| ACTIVITY |
If pictures appear, leave them out, and return exactly the lines from the one holding "Anlässlich seines 50-jährigen" through the last line of the listing below.

| SUPPLIED DATA |
::::::
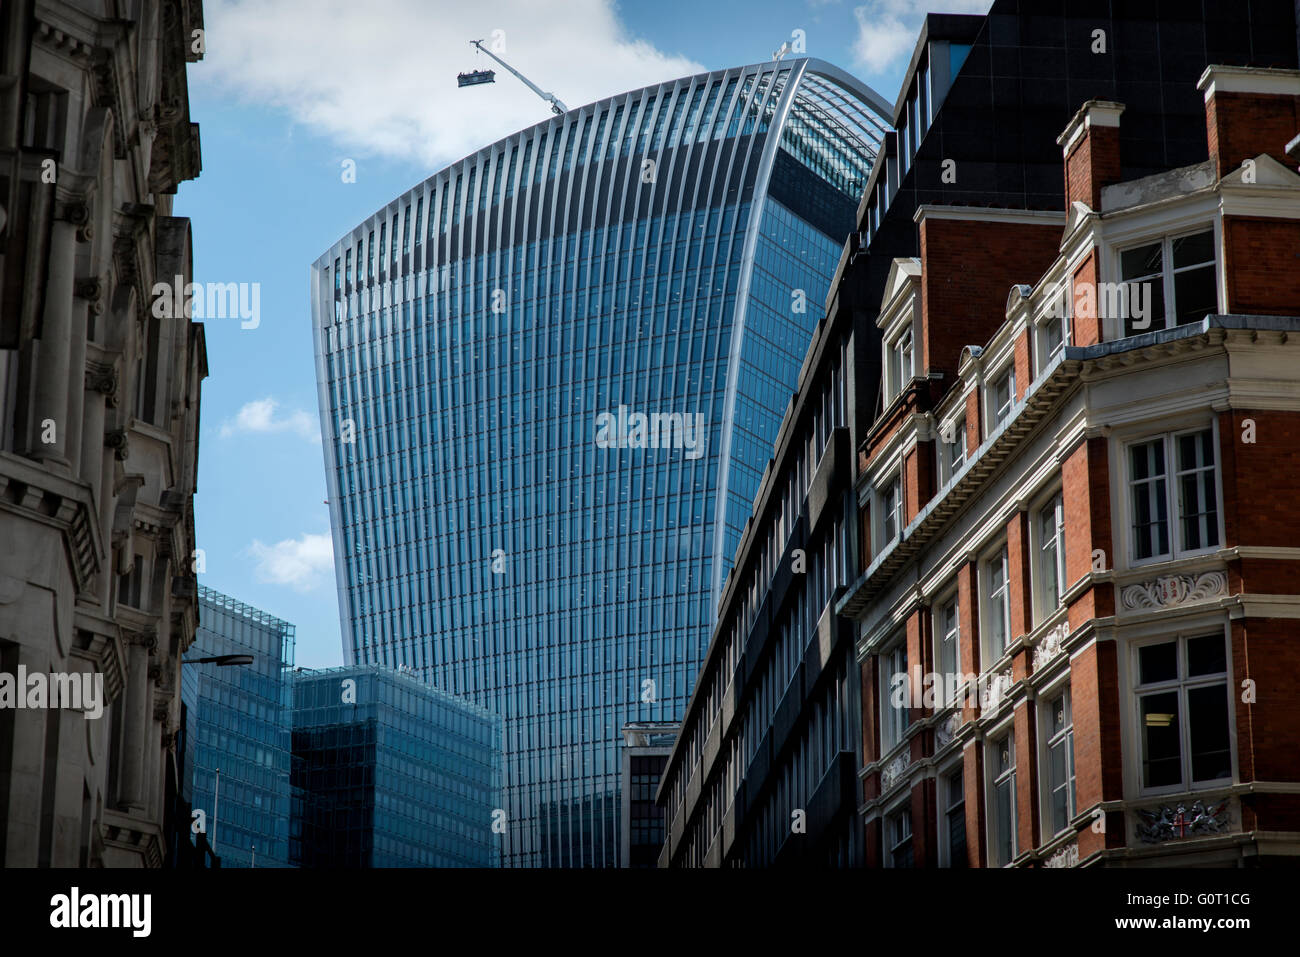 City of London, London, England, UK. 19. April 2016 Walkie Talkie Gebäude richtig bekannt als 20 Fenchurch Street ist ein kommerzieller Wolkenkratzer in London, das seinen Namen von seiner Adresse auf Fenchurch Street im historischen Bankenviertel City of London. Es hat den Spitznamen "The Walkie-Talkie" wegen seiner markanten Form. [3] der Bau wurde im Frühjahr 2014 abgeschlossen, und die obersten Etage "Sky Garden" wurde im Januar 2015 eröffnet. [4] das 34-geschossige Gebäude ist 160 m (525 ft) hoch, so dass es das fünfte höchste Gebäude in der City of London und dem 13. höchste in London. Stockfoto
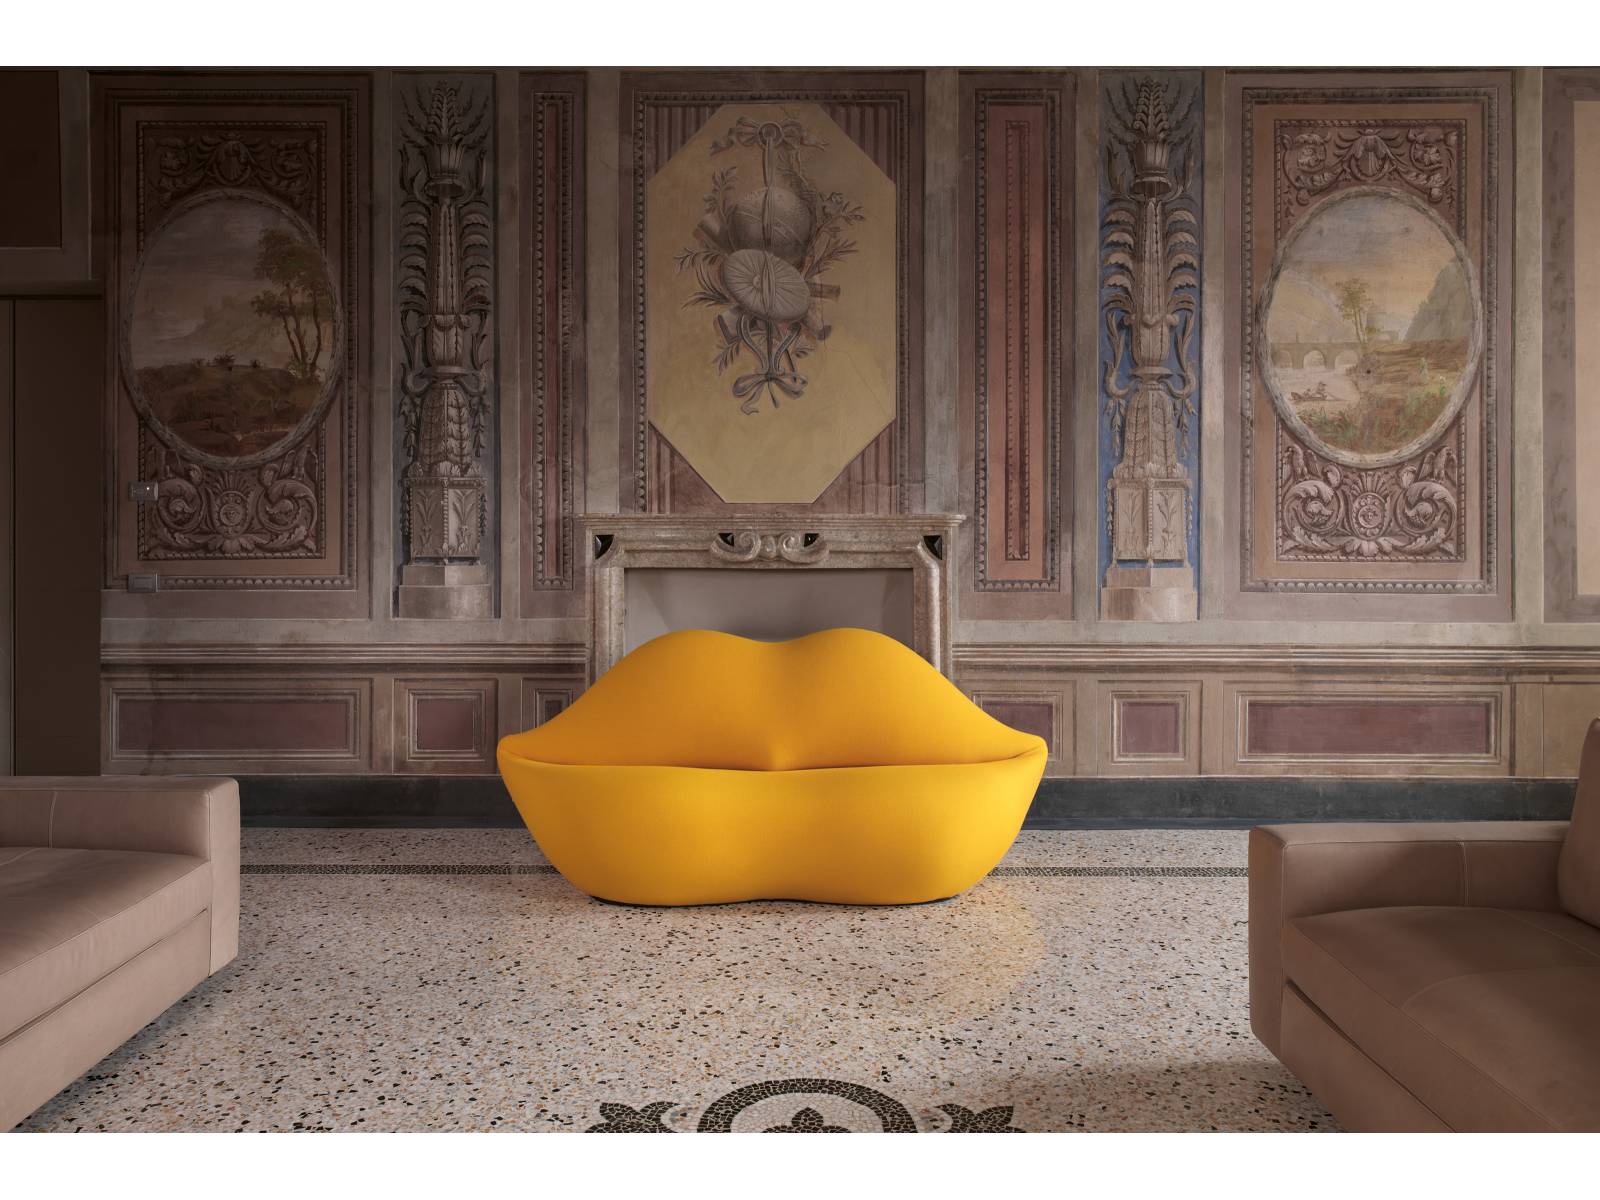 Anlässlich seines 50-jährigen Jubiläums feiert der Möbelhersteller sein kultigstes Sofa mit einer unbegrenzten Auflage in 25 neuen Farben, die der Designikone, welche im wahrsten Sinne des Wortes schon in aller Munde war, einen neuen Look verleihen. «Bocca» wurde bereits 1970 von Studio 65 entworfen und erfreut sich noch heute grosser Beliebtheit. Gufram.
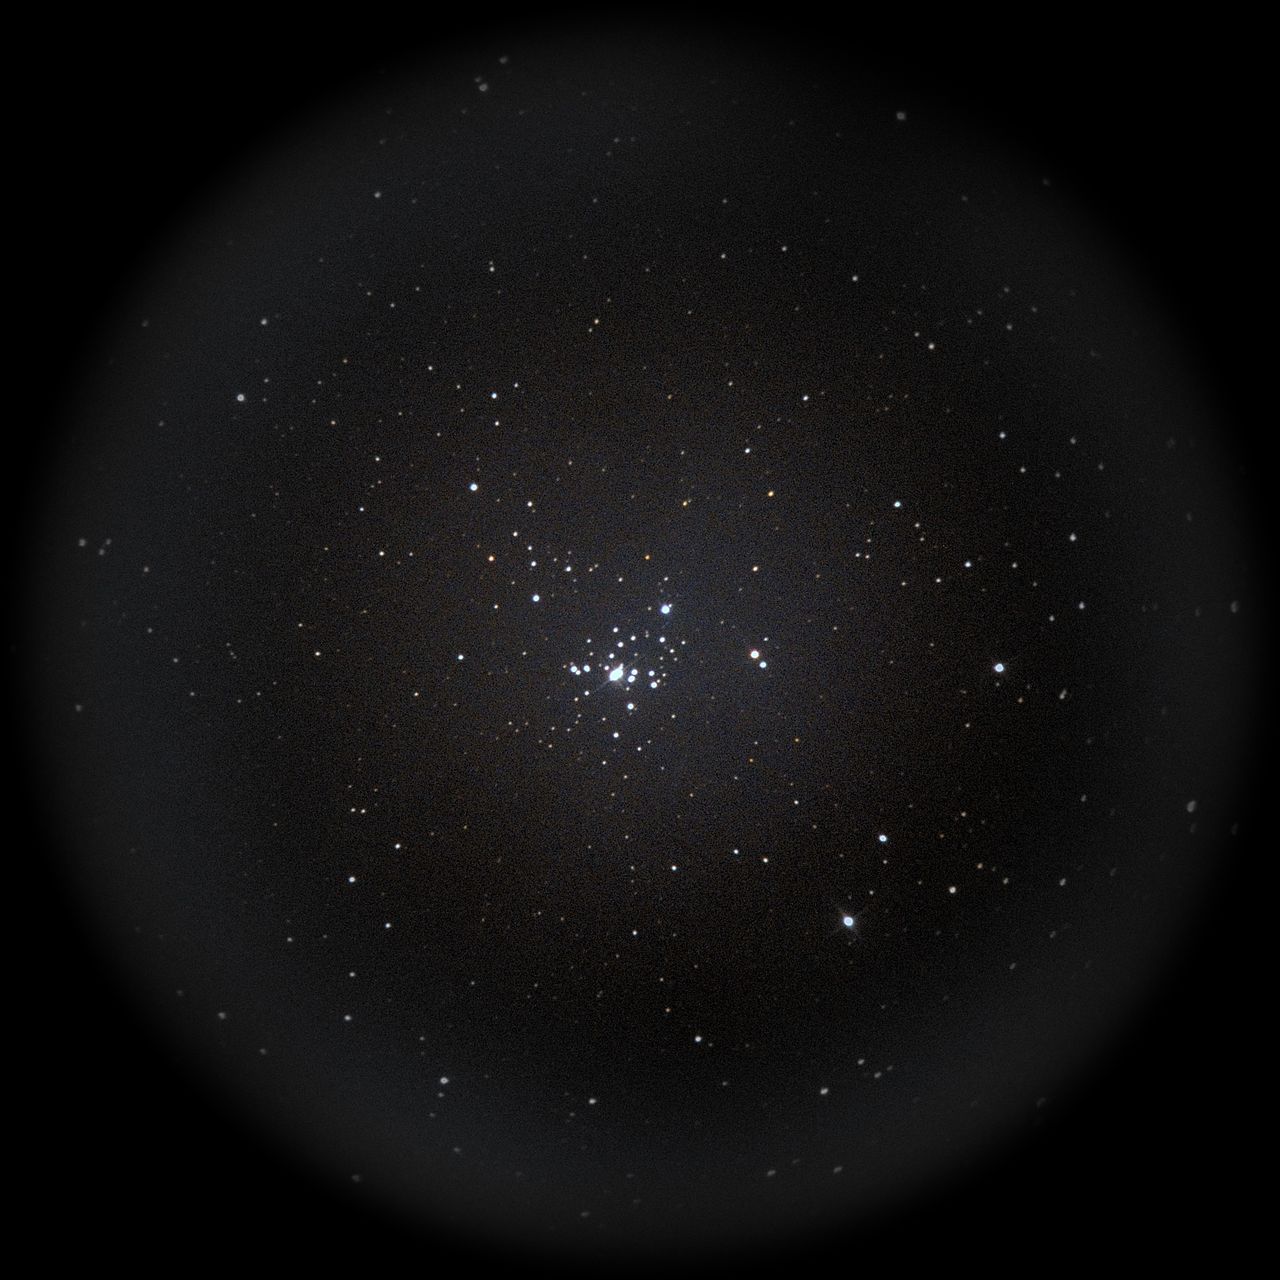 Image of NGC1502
::::::
| COMPLETED EXERCISE |
 Anlässlich seines 50-jährigen Jubiläums feiert der Möbelhersteller sein kultigstes Sofa mit einer unbegrenzten Auflage in 25 neuen Farben, die der Designikone, welche im wahrsten Sinne des Wortes schon in aller Munde war, einen neuen Look verleihen. «Bocca» wurde bereits 1970 von Studio 65 entworfen und erfreut sich noch heute grosser Beliebtheit. Gufram.
 Image of NGC1502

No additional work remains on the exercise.